▸ WORK REQUEST: Leaving the pictures aside, return all of the data below exactly.

▸ DATASET EXTRACT:
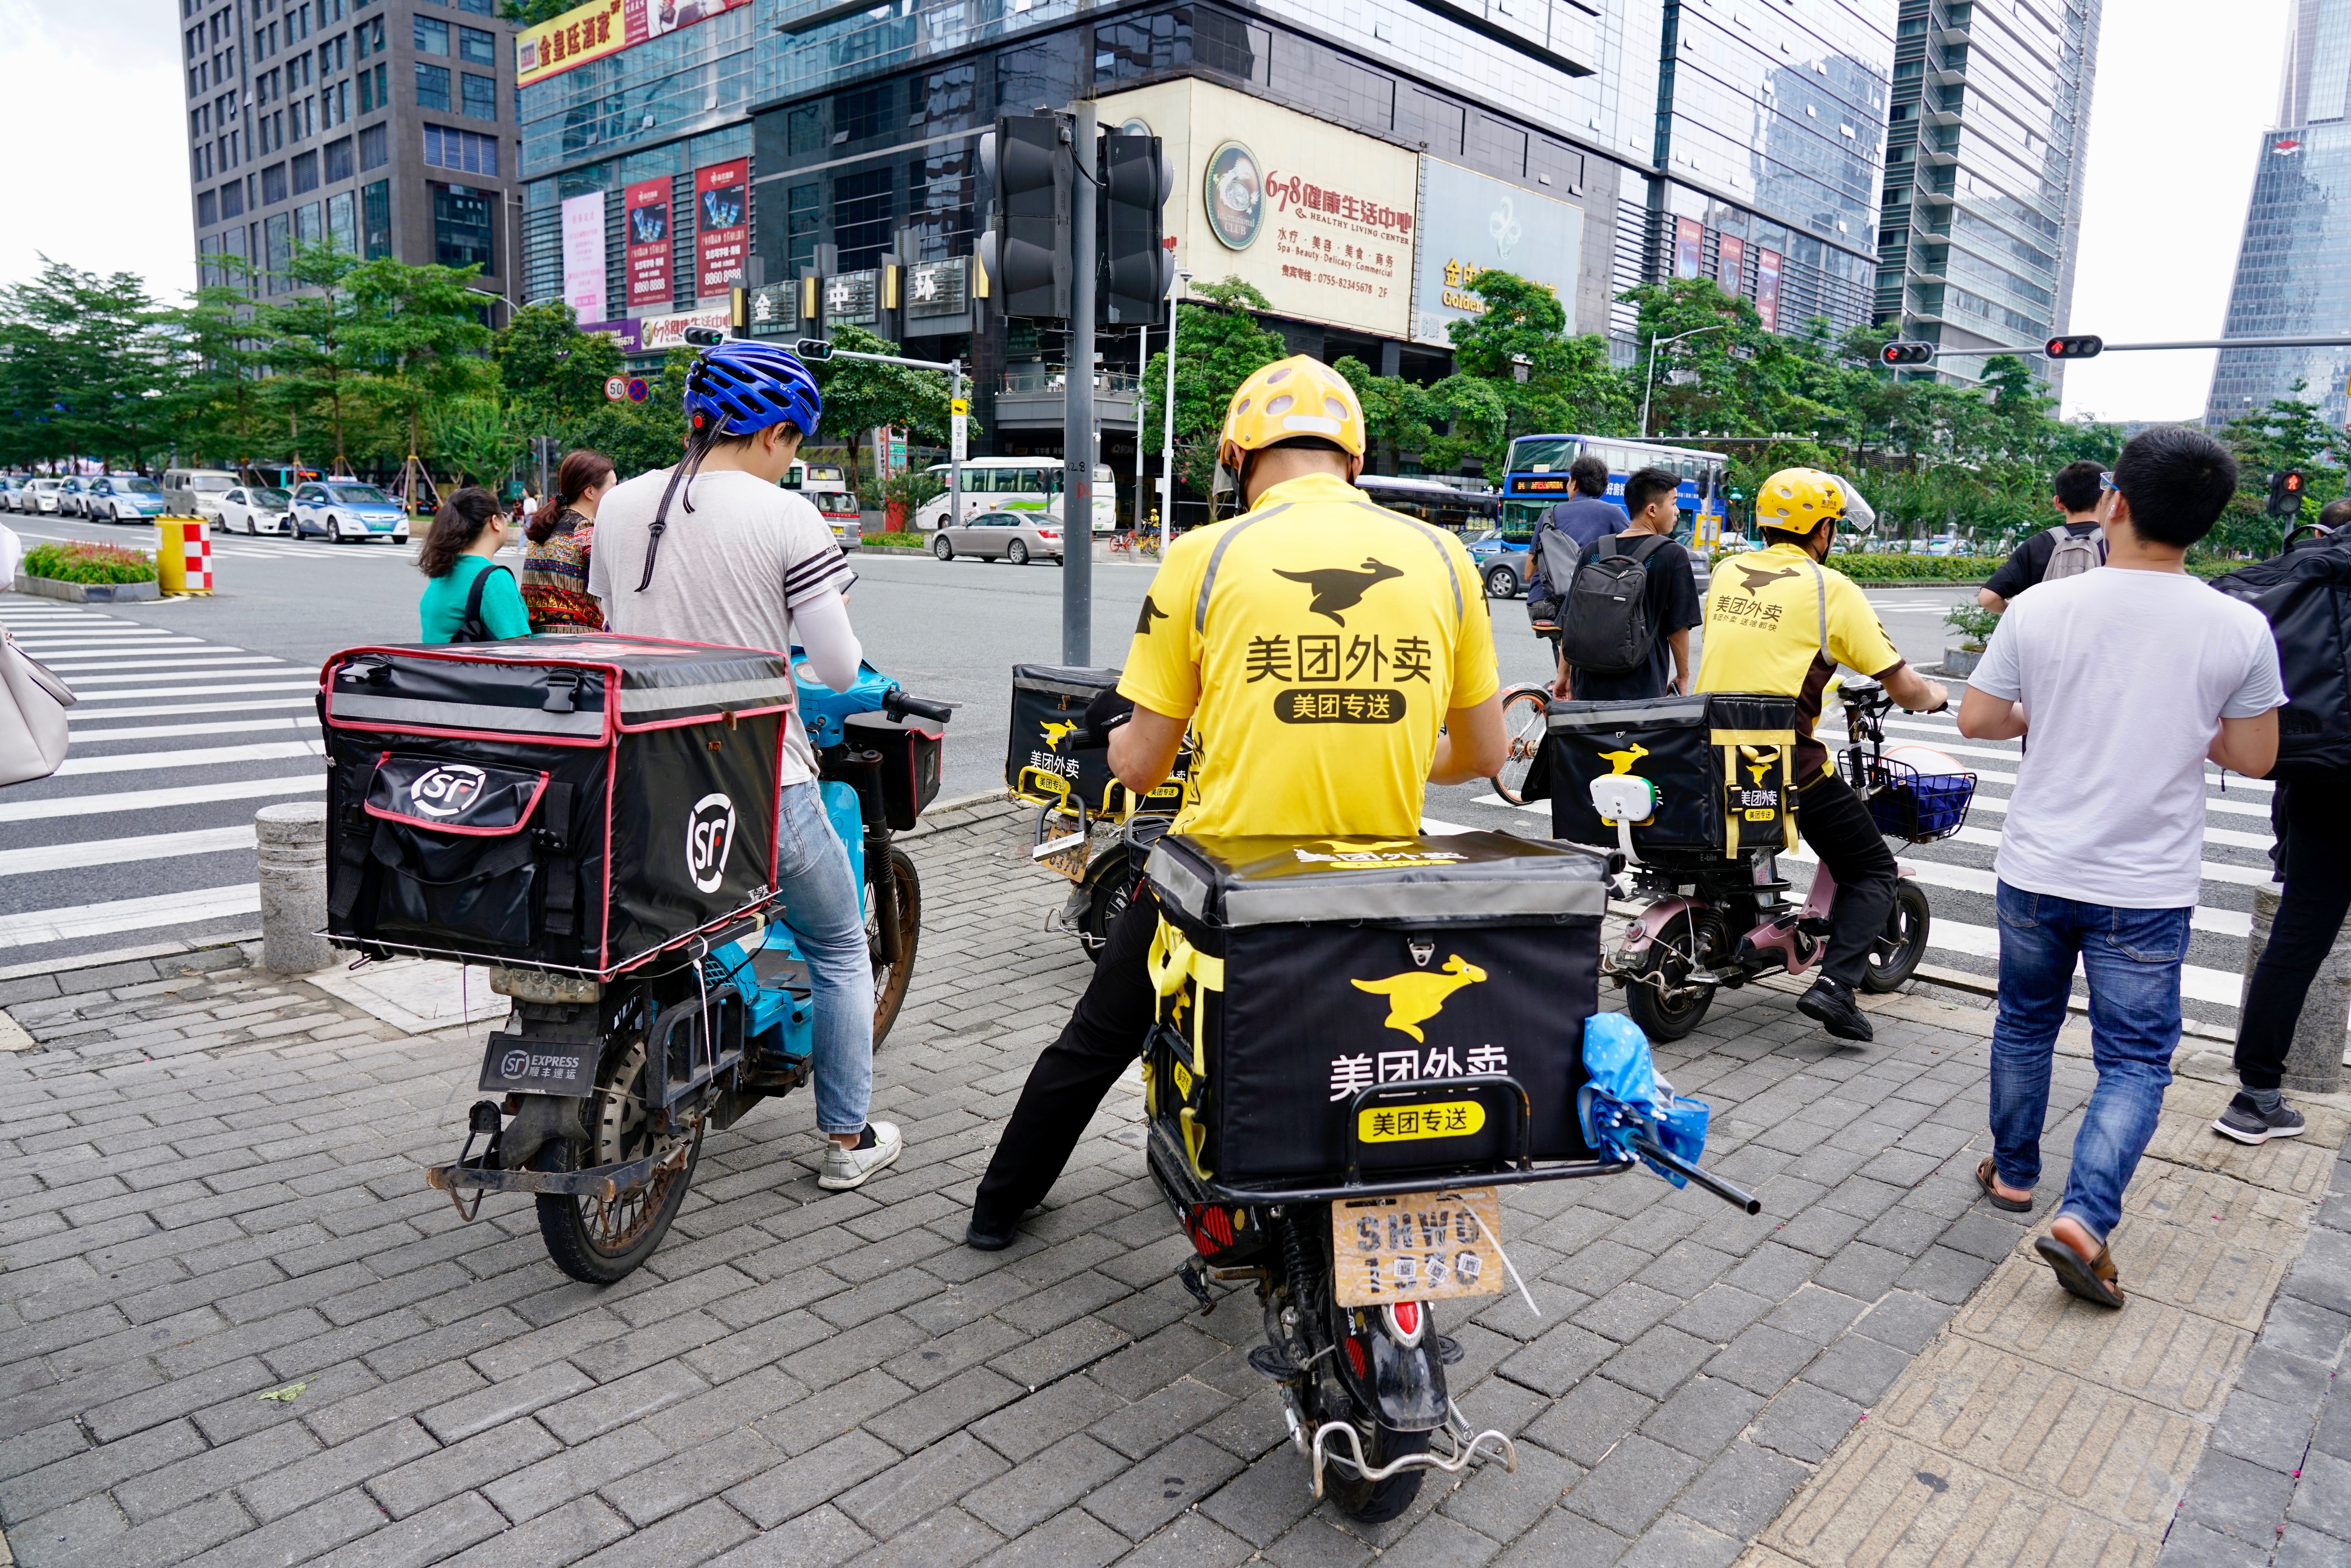 Alibaba Could Suffer Fallout As Top Rival Plans Foray In Food Delivery Service
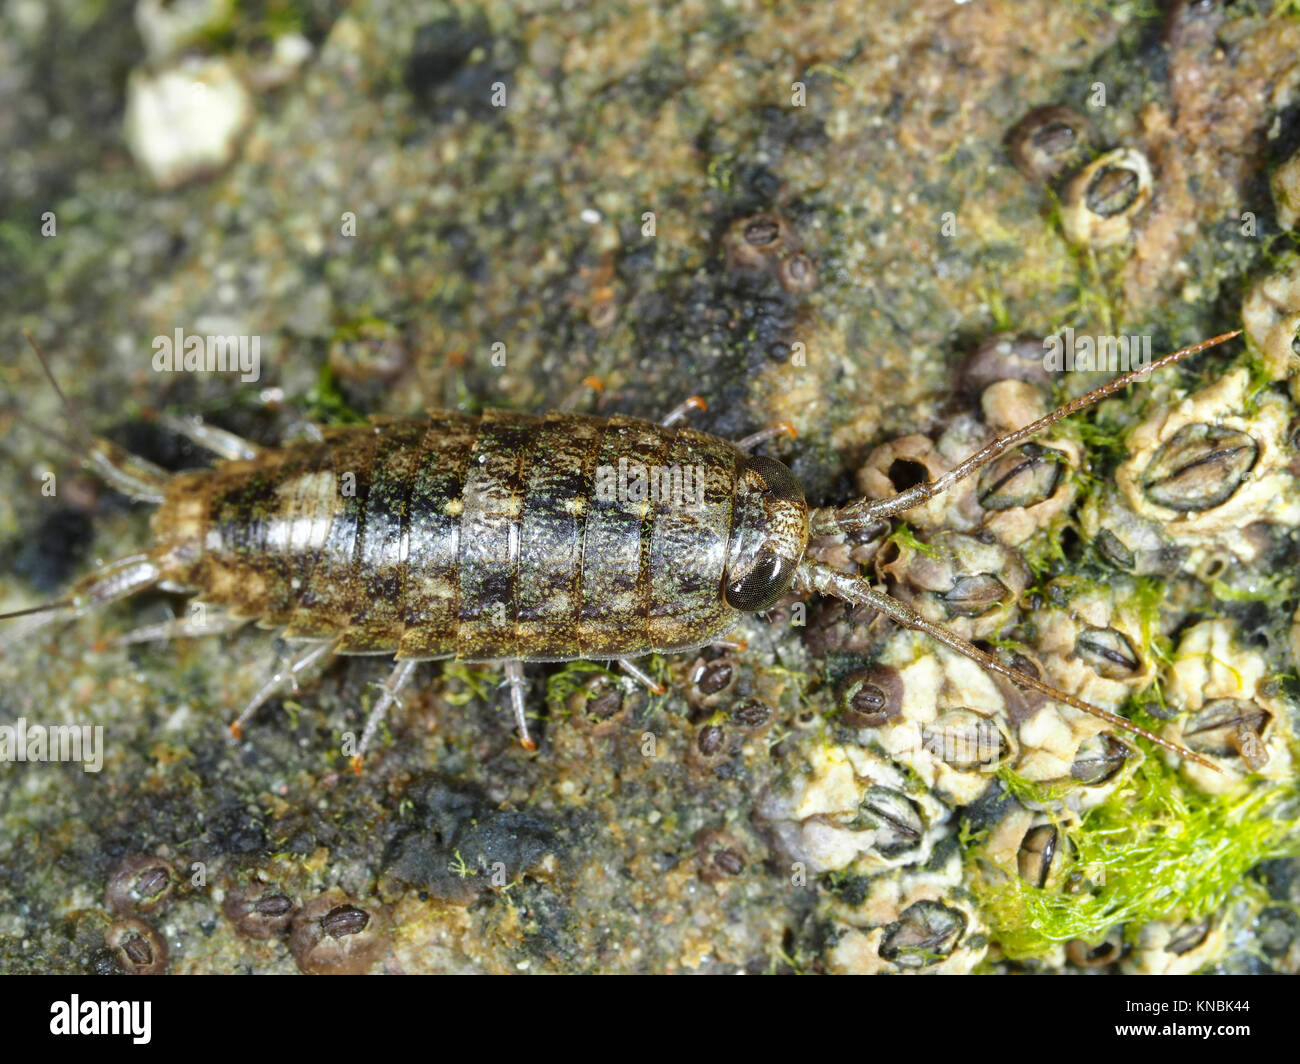 Ligia occidentalis (known as sea slater and rock louse) among barnacles on a rock on a Pacific ocean beach in Southern California Stock Photo
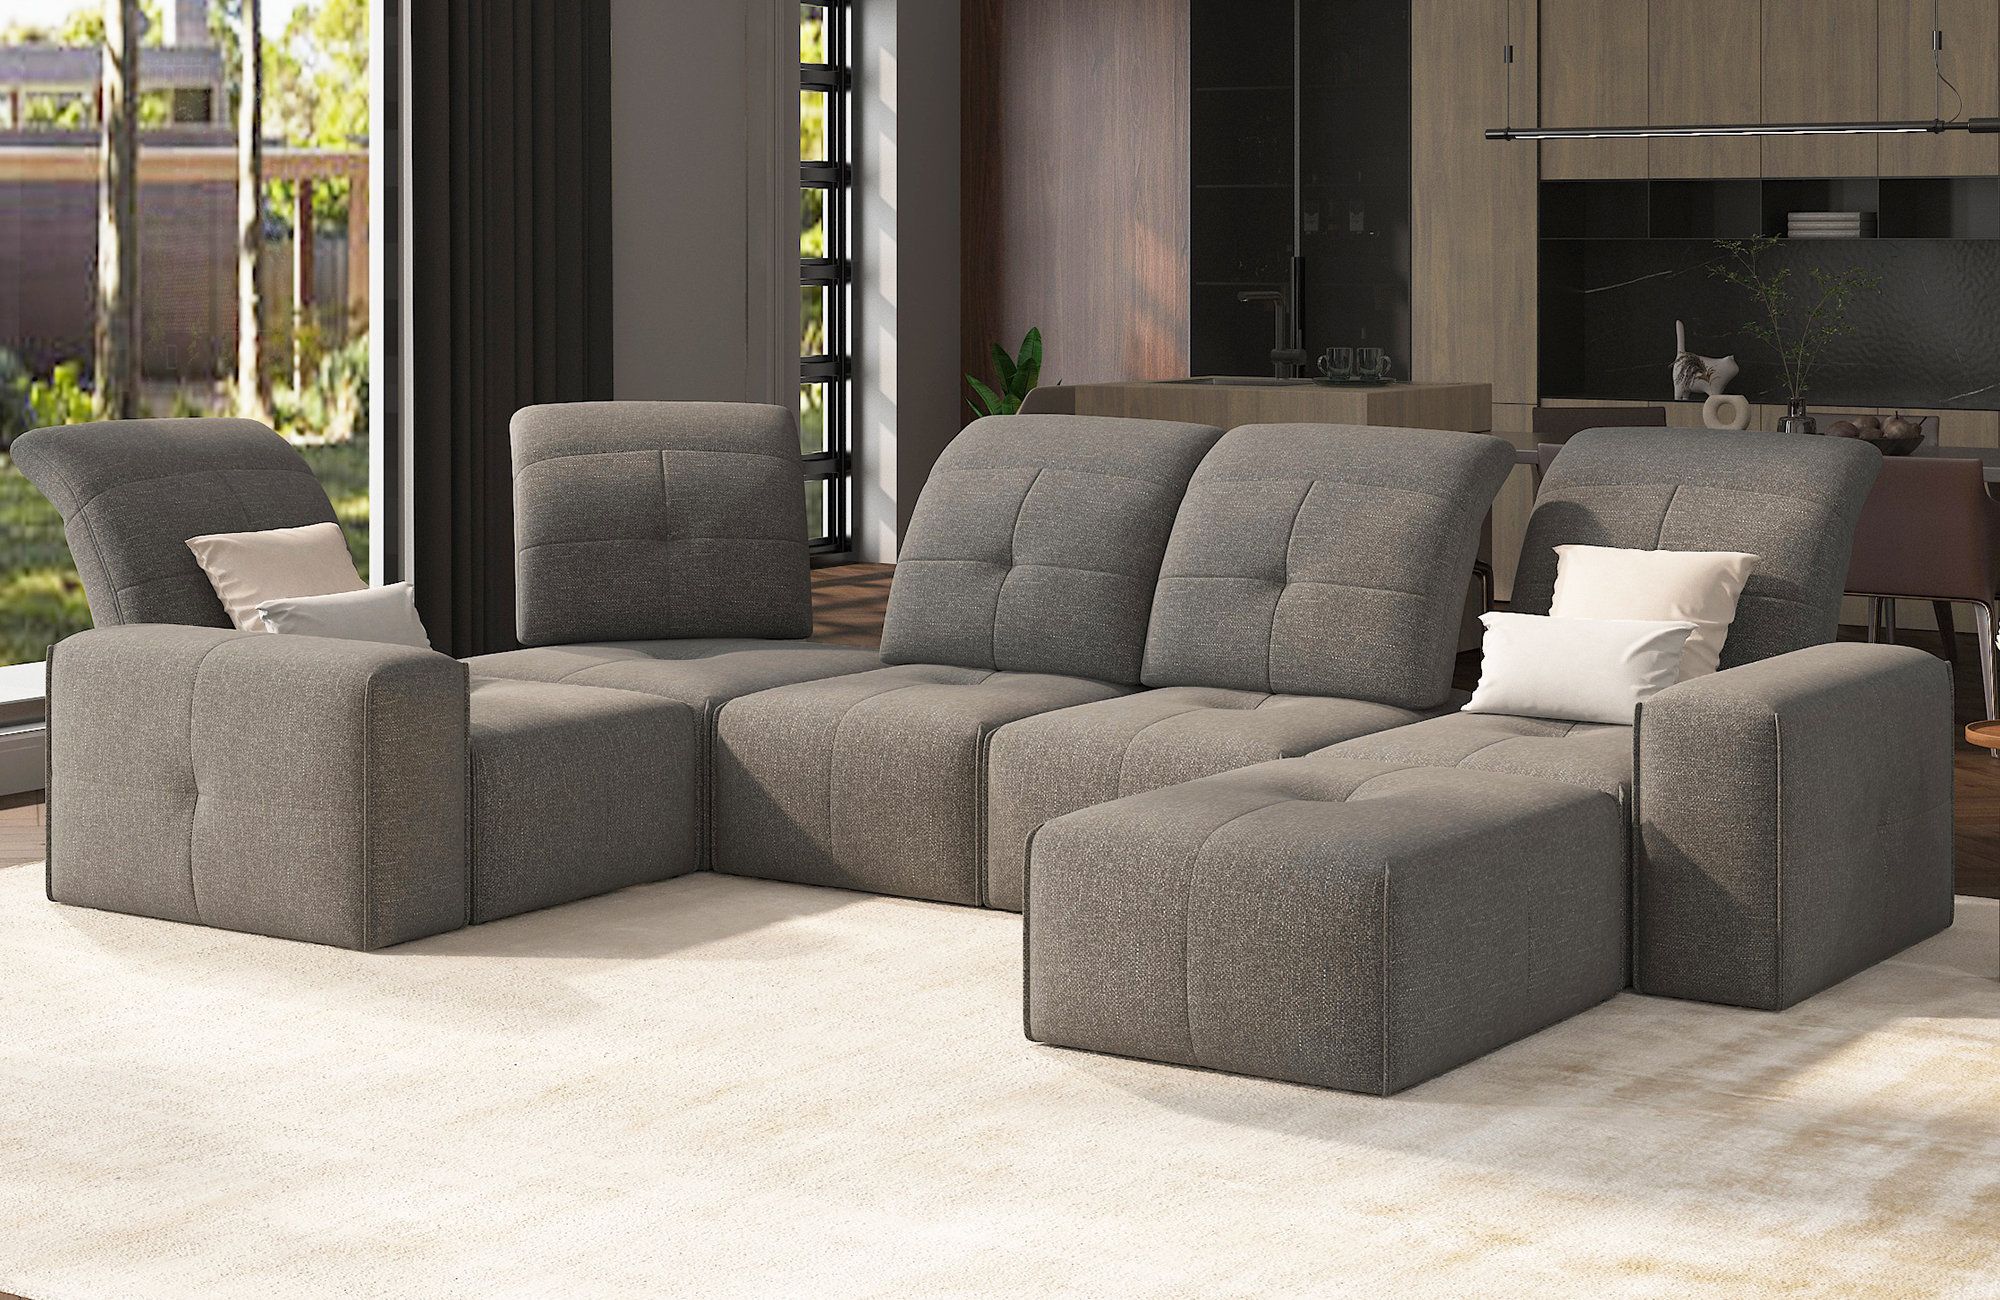 Amerlife Sectional, Modular Sofa With Recliner  6 Seats Corner Couch With  Ottoman, Adjustable Backrests And Headrests | Wayfair With Regard To 6 Seater Modular Sectional Sofas (View 12 of 20)

▸ SOLUTION FOR THIS TASK:
 Alibaba Could Suffer Fallout As Top Rival Plans Foray In Food Delivery Service
 Ligia occidentalis (known as sea slater and rock louse) among barnacles on a rock on a Pacific ocean beach in Southern California Stock Photo
 Amerlife Sectional, Modular Sofa With Recliner  6 Seats Corner Couch With  Ottoman, Adjustable Backrests And Headrests | Wayfair With Regard To 6 Seater Modular Sectional Sofas (View 12 of 20)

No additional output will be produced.